One of my first projects at NVIDIA was working on a real-time version of Pixar's famous "Luxo Jr" short film. Shadows maps were a new feature on the GeForce 3 graphics card, and our marketing guys thought this would be a great way of showing them off (without any concept of how difficult this would be, obviously). The GeForce 3 was planned to be launched with the new iMacs at MacWorld Tokyo 2001.

The crazy thing was that we developed the whole demo without any permission (or help) from Pixar whatsoever. As my boss liked to say, it's easier to ask for forgiveness than permission.

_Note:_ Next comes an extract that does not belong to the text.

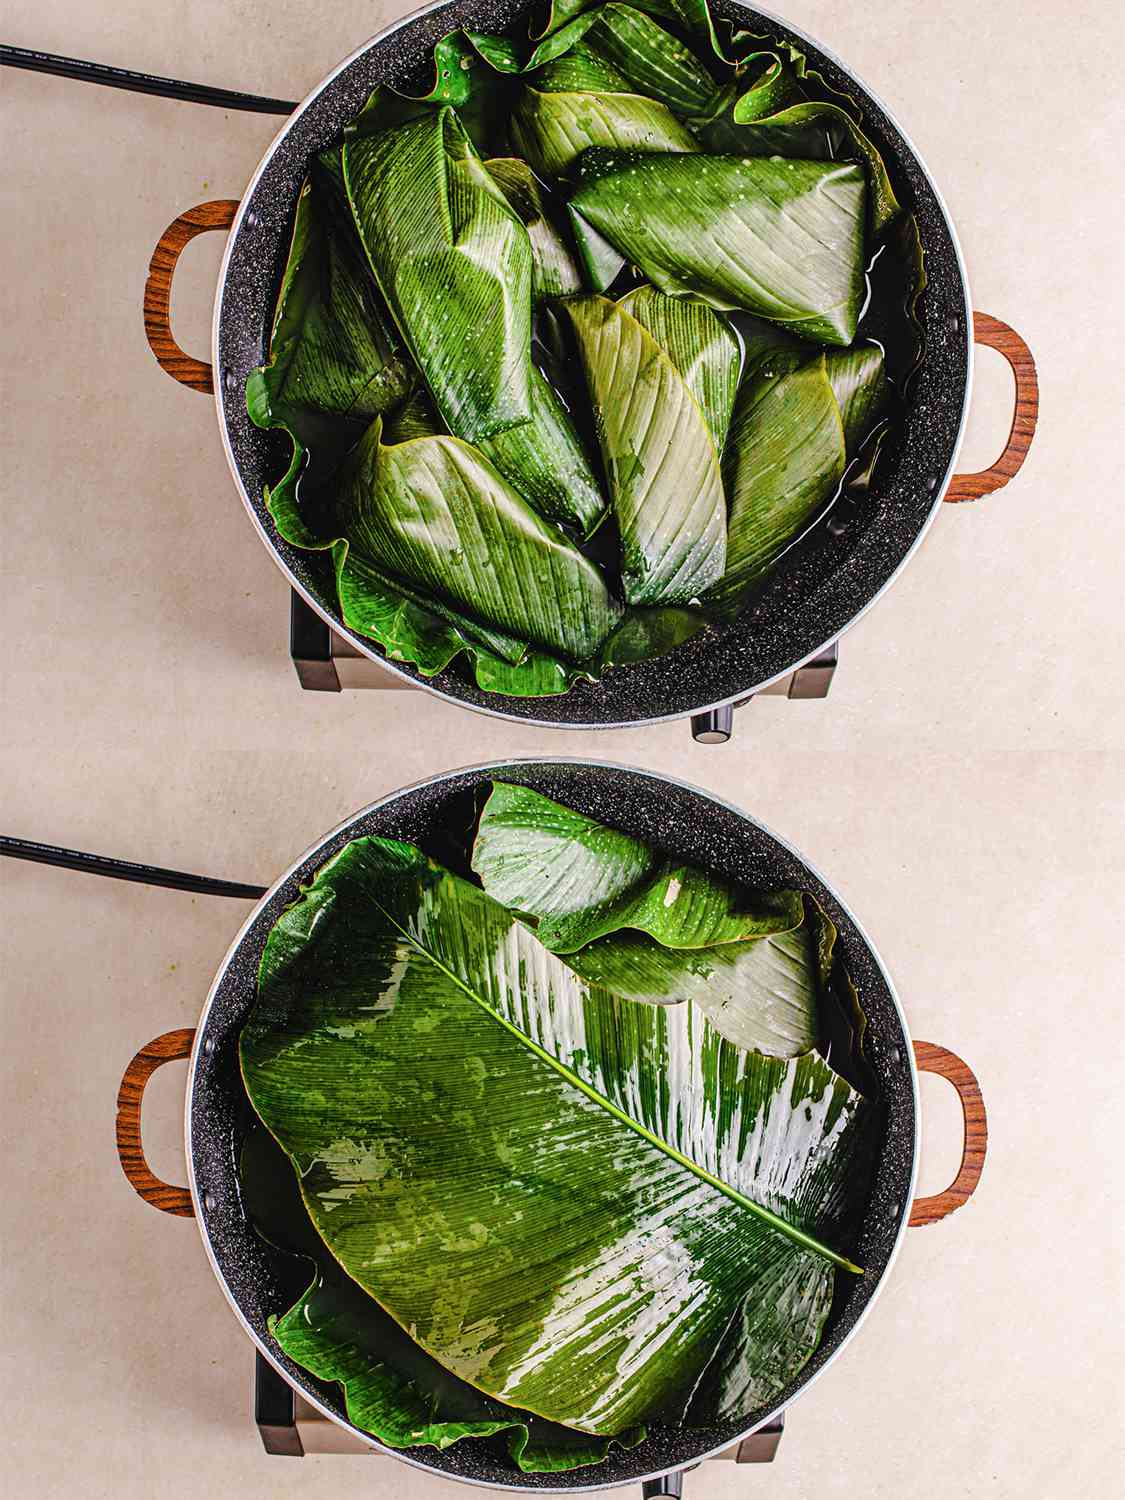 两张图片拼贴的moin moin在被叶子覆盖之前和之后在一个锅的俯视图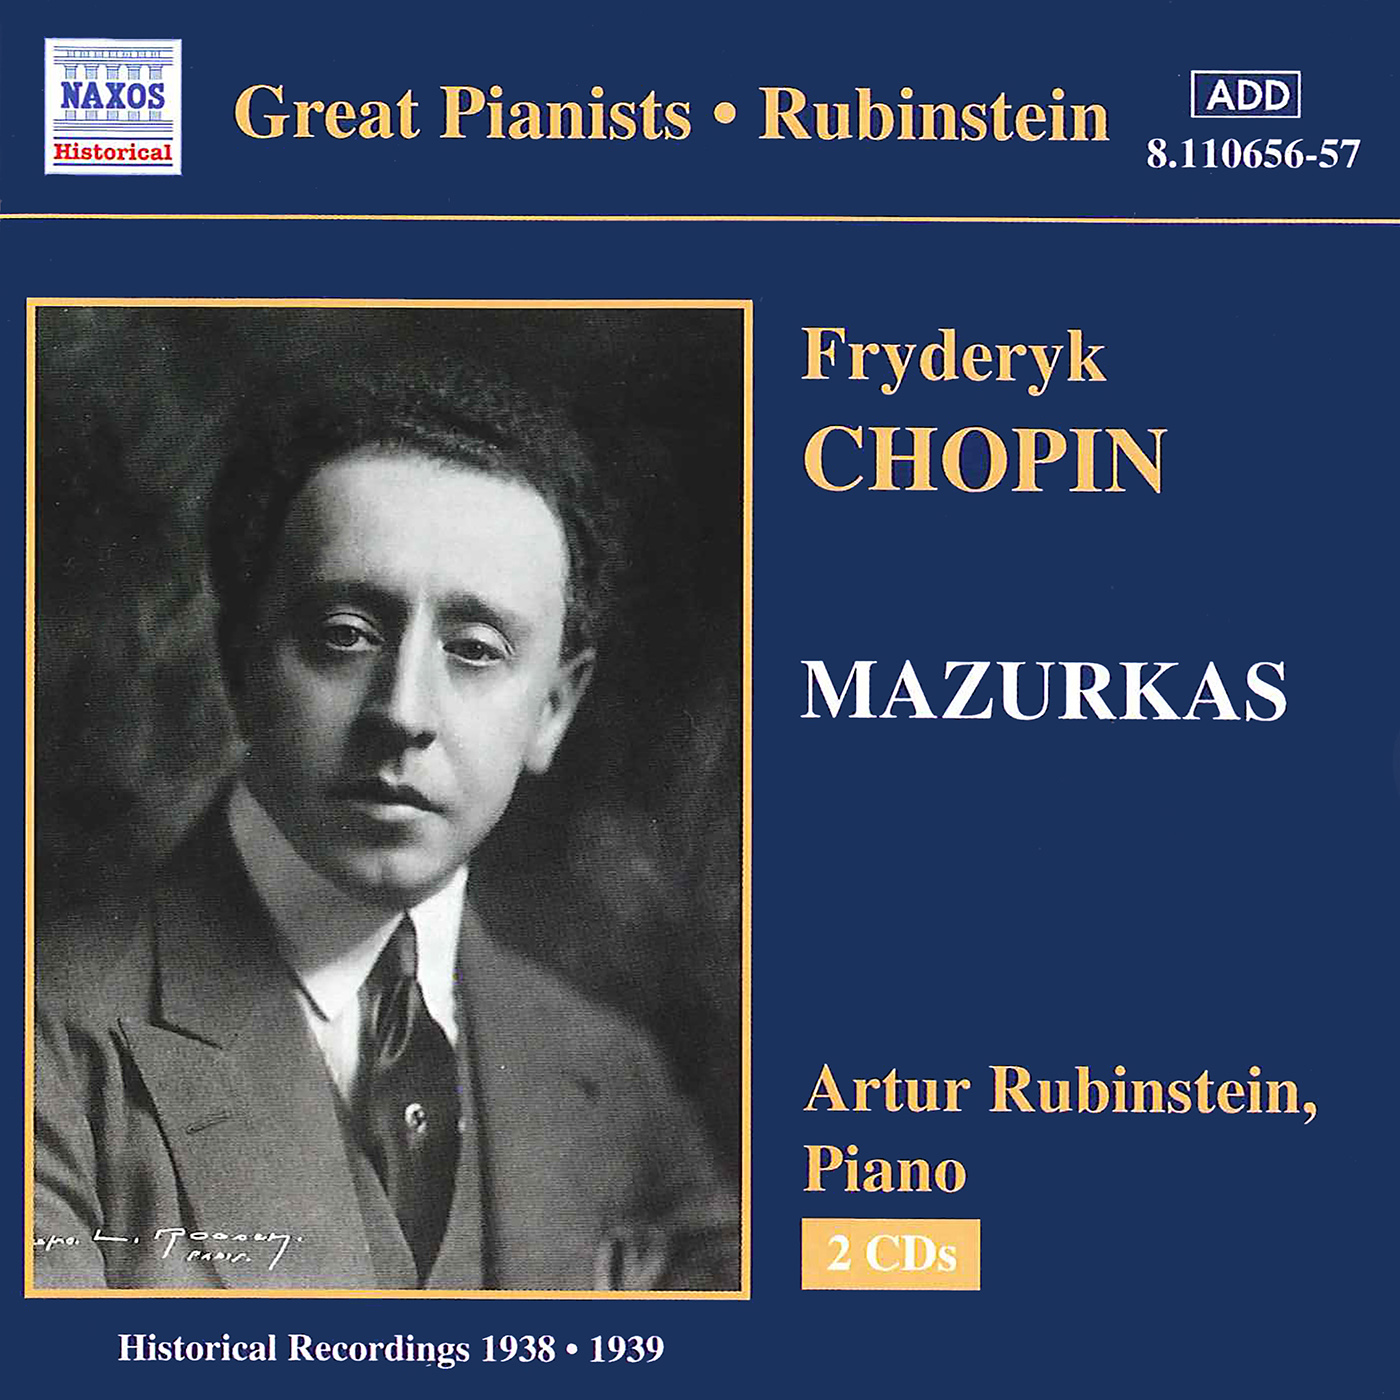 Mazurka No. 39 in B Major, Op. 63, No. 1

Our intern Eugene D'Eon (now at Weta), modeled the lamps and rotoscoped the entire animation frame-by-frame from a rip of the original DVD. I worked on the shadows and shading. We finished the demo with a few days to spare (those bendy lamp cords were a real pain to get right, let me tell you), and our execs showed it to Steve at Apple. He said it was pretty close to the original, talked to Pixar, and gave us permission to show it at the launch.

So me and our chief scientist David Kirk flew out to Tokyo for the launch. My job was to drive the demo on stage, which was somewhat nerve-wracking, as you might be able to tell from the video above. During the rehearsal one of Steve's assistants told us we might have to leave the room because he was getting upset that his slide remote control wasn't working, and we wouldn't want to see that. I got the impression this happened quite often!

Later, David and I had a brief chance to talk to Steve. From what I remember of the conversation, he mainly talked about how great the new OS X user interface was. In my youthful ignorance I jumped in and said it was pretty, but had they thought about using the graphics hardware to speed up the rendering? (It was pretty slow at the time). He said he had talked to his best engineers about this, and they told him it was impossible. There was no way they could get the quality they needed using the GPU. Anyway, a year or so later OS X did introduce a GPU accelerated UI with smoothly scaling icons etc. Coincidence? I don't think so!

We only got to show that demo once, but it was worth it, I think.

2 comments:

Cyril Crassin said...

Eh eh thanks for this nice story Simon :-)

I did not know you used to worked with Eugene at this time, must have been a crazy work to rotoscope all the animation !

I don't know who was your boss at this time, but I like the "It's easier to ask for forgiveness than permission." :-D

Simon Green said...

That quote from Mark Daly. Big props also to Curtis Beeson and Joe Demers who wrote the engine, and Geoff Stahl at Apple, who did the Mac port!